Леонид Витальевич внезапно заметил, что Воля невнимателен, а Воля увидел, что он это заметил.

— Ну, так, — сказал учитель, раньше чем Воля успел сообразить, чем бы сгладить неловкость. — Не провожайте меня, пожалуйста, вам потом тоскливо будет возвращаться одному.

А Воля и не намеревался его проводить, он сделал уже шаг к дому, и оттого ему стало еще более не по себе от этих слов.


Глубокой ночью, когда и мать в комнате, и все в доме давно спали, Воле, лежавшему без сна с закрытыми глазами, показалось, что Гнедин на раскладушке ворочается осторожно, зевает, вздыхает.
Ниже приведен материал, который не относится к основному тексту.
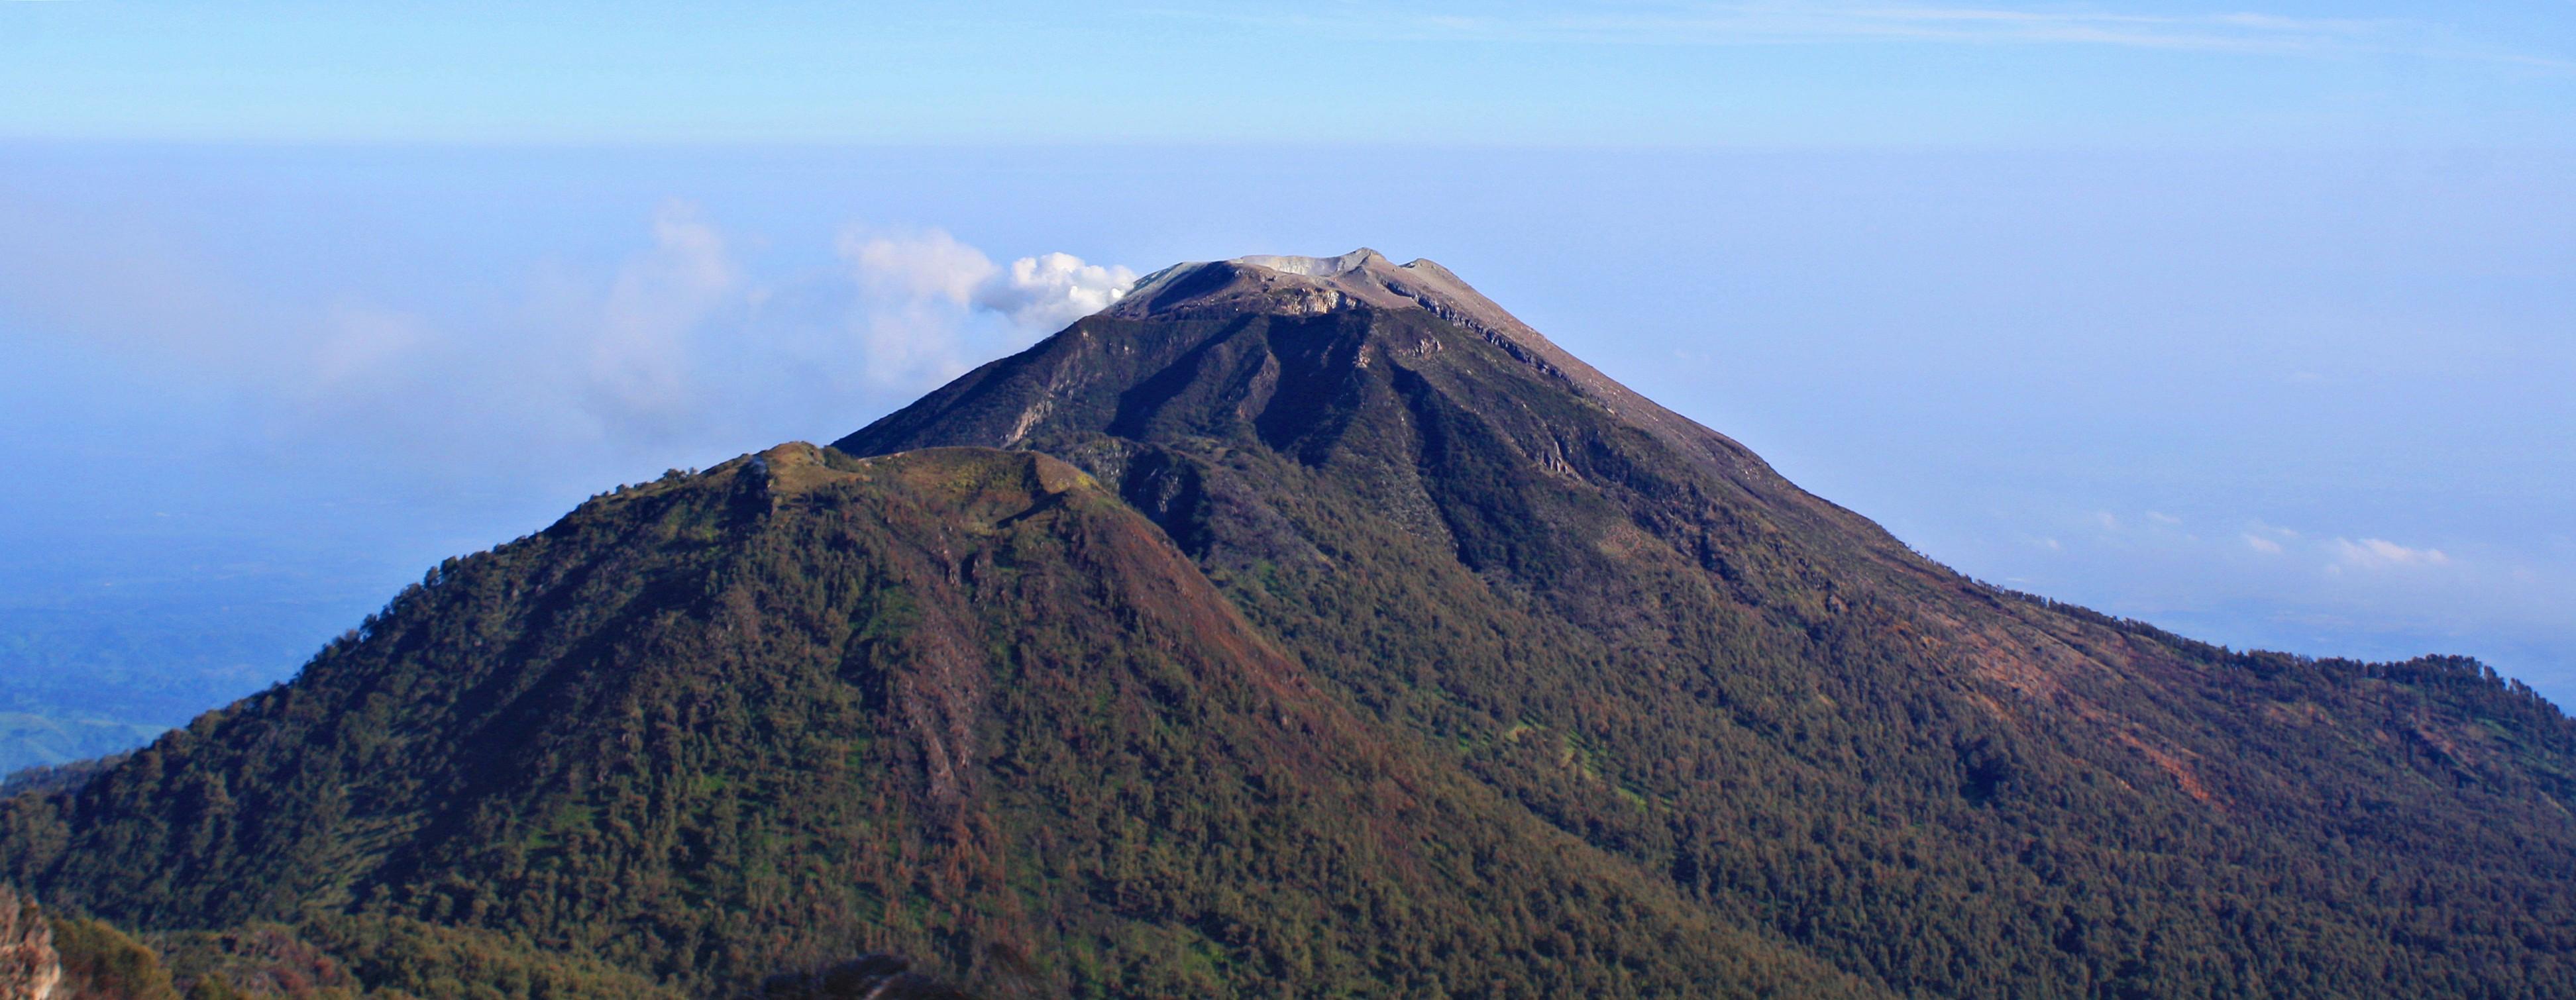 gunung welirang

Воля не решился его окликнуть, но сам тоже — нарочно медленно — перевернулся на другой бок, протяжно вздохнул… Вечером он не успел поговорить с Евгением Осиповичем — легли рано, — а на рассвете Гнедин должен был уйти.

— Воля, — позвал Евгений Осипович так тихо, что Воля несколько мгновений не отзывался, гадая, услышал ли на самом деле свое имя или это только почудилось…

Через минуту они уже говорили шепотом, и Воля рассказывал вперемежку, как пришла, а потом пропала Машина бабушка, про то, как пытались выручать Машу, вспомнил день, когда они с Бабинцом услышали в сводке Совинформбюро о комиссаре партизанского отряда товарище Г.

— Это не про вас было?..

— Может быть… Возможно, что обо мне.

А Воля уже спешил дальше, его волновало, что думает Гнедин о споре Леонида Витальевича с Бабинцом, и второпях он спросил не так, как собирался было («Кто, по вашему мнению, прав?»), а по-мальчишески несолидно:

— Вы за кого?!

Гнедин стал отвечать ему едва уловимым шепотом. И Воля внимал с трепетом, ему казалось, что Евгений Осипович говорит так тихо, не только опасаясь кого-нибудь разбудить, но и потому, что касается сейчас самых заветных тайн борцов с фашистами…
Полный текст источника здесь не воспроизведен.